(RECORD SET begins)

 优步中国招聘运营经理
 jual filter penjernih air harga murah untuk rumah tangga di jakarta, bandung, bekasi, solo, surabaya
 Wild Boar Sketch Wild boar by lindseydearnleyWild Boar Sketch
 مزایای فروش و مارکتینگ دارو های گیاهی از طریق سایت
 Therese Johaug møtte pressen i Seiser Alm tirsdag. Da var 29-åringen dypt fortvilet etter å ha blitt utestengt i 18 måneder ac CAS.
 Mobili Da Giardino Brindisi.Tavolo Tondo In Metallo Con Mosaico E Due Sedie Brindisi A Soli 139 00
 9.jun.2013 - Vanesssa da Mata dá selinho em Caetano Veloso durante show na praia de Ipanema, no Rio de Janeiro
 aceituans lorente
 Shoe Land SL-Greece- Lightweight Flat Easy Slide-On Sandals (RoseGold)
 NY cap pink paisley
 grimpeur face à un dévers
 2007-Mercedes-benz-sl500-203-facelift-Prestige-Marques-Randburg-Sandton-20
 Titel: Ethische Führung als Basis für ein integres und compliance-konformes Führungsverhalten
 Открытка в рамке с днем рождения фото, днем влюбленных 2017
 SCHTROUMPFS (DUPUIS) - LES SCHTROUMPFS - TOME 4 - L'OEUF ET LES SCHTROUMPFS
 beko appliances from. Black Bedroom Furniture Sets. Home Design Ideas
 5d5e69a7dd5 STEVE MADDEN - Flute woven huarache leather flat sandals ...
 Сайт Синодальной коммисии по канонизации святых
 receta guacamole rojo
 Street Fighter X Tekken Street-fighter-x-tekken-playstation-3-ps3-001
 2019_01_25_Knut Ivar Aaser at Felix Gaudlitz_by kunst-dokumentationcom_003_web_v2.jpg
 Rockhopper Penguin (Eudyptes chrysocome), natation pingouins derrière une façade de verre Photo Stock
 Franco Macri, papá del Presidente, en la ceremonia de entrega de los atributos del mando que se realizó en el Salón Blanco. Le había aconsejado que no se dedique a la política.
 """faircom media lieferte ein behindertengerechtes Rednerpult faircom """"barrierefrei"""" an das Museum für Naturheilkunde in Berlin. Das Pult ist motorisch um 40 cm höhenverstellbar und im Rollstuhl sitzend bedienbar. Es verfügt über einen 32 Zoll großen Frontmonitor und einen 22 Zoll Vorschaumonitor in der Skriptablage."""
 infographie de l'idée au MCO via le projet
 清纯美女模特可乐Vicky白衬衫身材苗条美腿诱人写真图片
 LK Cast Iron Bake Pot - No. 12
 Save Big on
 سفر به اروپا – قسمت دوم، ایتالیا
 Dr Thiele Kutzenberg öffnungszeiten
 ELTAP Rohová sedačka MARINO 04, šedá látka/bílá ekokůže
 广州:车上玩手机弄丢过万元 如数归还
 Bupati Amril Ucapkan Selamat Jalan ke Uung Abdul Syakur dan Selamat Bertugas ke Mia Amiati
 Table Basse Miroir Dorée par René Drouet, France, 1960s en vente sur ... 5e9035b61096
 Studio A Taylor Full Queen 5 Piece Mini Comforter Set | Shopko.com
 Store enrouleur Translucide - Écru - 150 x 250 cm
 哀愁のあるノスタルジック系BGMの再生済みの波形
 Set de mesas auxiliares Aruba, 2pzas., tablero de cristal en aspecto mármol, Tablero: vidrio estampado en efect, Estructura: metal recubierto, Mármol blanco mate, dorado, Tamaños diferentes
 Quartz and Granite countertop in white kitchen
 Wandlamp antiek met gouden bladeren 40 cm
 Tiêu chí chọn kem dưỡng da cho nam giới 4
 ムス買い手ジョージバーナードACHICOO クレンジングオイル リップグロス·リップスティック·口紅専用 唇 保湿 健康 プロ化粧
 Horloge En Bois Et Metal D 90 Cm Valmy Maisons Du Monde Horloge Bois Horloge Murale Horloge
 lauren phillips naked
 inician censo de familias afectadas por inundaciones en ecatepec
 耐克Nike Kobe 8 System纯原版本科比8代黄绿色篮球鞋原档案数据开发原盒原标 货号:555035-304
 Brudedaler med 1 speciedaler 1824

(RECORD SET ends)

* _ABOUT THIS EXERCISE_: Beginning at the line with "jual filter penjernih" and stopping after the line with "مزایای فروش و", please write out every line of the data above exactly and nothing else.

* _FINISHED TASK_:
 jual filter penjernih air harga murah untuk rumah tangga di jakarta, bandung, bekasi, solo, surabaya
 Wild Boar Sketch Wild boar by lindseydearnleyWild Boar Sketch
 مزایای فروش و مارکتینگ دارو های گیاهی از طریق سایت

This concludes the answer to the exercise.